If you are new to ML (like me), you are probably reading cool papers and wondering how to implement those papers yourself, this blog is for you. I’m implementing DeepMind’s paper: Learning to Make Analogies by Contrasting Abstract Relational Structure and I’ll describe my process. This paper was suggested by my mentor Kai Arulkumaran after my exploration on Ratios and Proportions.

The paper is really interesting, it shows a method to help deep neural network models to make analogies. The method is not based on a sophisticated architecture, but on what data is presented to the model. They presented contrasting cases that made abstract relational structures more salient and forced the model to learn them. The ability to make analogies is a cornerstone of human learning, intelligence and creativity. I found extremely interesting that even simple architectures of deep neural network models can learn to perform analogies. Humans learn in similar way, in the learning sciences this way of learning is known as: Contrasting Cases (very similar, ah!). It's a well-research method which consist in presenting similar sets of examples that help people notice features they might otherwise overlook. This learning method in humans increases the precision and usability of knowledge.
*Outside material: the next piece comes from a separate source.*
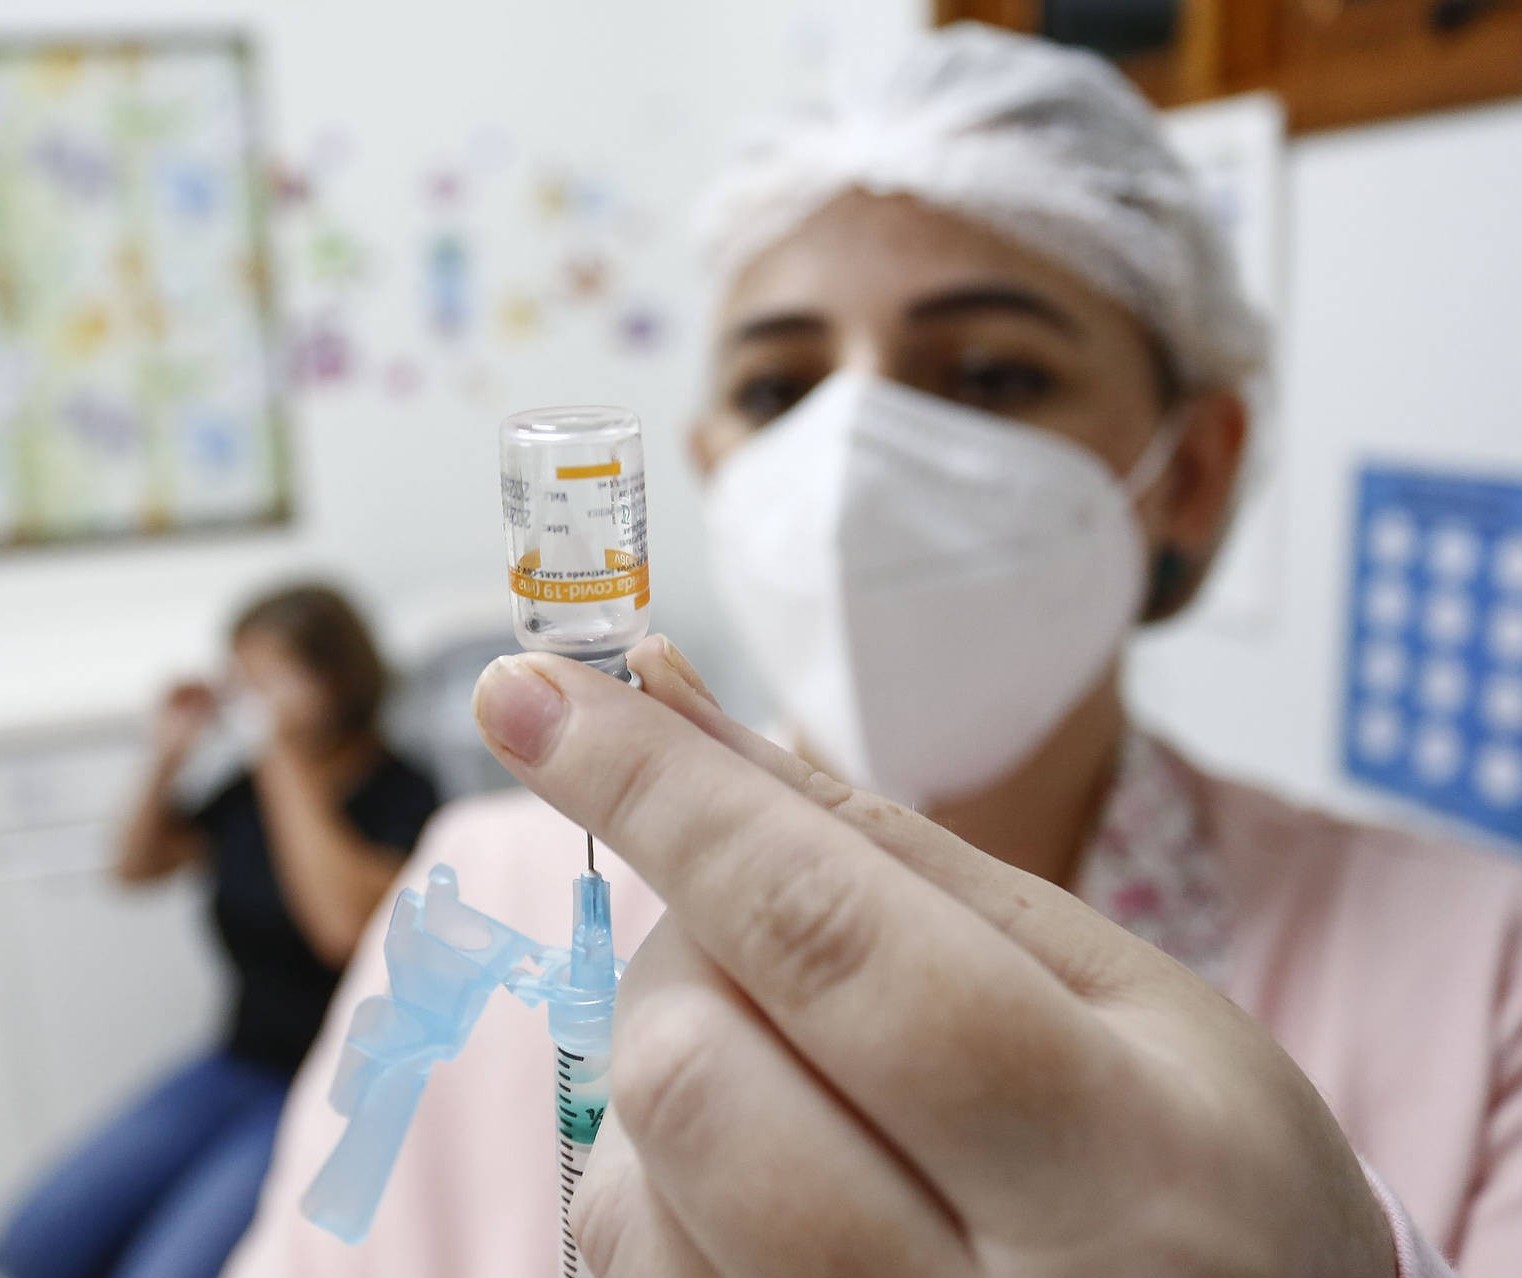 Consórcio deve tentar laboratórios estrangeiros para compra de vacinas, diz prefeito

The easiest possible case for coding a paper is if you find a paper that has the code, data and some results that can help you understand if you implemented it correctly. Mine didn’t have the code but it had the data, and I found code from their earlier paper: Measuring Abstract Reasoning in Neural Networks. Even when you can see the code you might not understand what’s happening with transformations and reshaping of data, neither with the main ideas of the paper, until you code it.

To code it, depending on how old the paper is, you might need to go to the referenced papers and gather more information. So I went through the rabbit hole, first with the previous paper: Measuring abstract reasoning in neural networks. This paper explained how the data was generated and describes important details about the model's architecture from the paper I wanted to implement.

I like to take snapshots of the parts of the papers that are important so I can have them on my desktop and I can look at them while I'm coding. Like this I don't have to go back and find the information on the papers again and again. The figure on the top is the architecture, the figure on the left is information about the data, and the other two figures are details about the architecture.

At this point is a good idea to hit the whiteboard (or piece of paper like me) and draw the architectures in the finest possible detail. This will help you to figure out what you understand and what you don’t. After some time, I realized I needed to go back to the rabbit hole, and find out more about Relational Networks. I browsed three more very interesting papers and I decided to start coding.

I used Colab for this part, you can see my work-in-progress architecture code here. I recommend to start with your own self-generated data until most details are hashed out. In this way you can test things faster. Try not to code the easiest part of the model first but the parts that you need to understand better. Once you have that the rest just flows.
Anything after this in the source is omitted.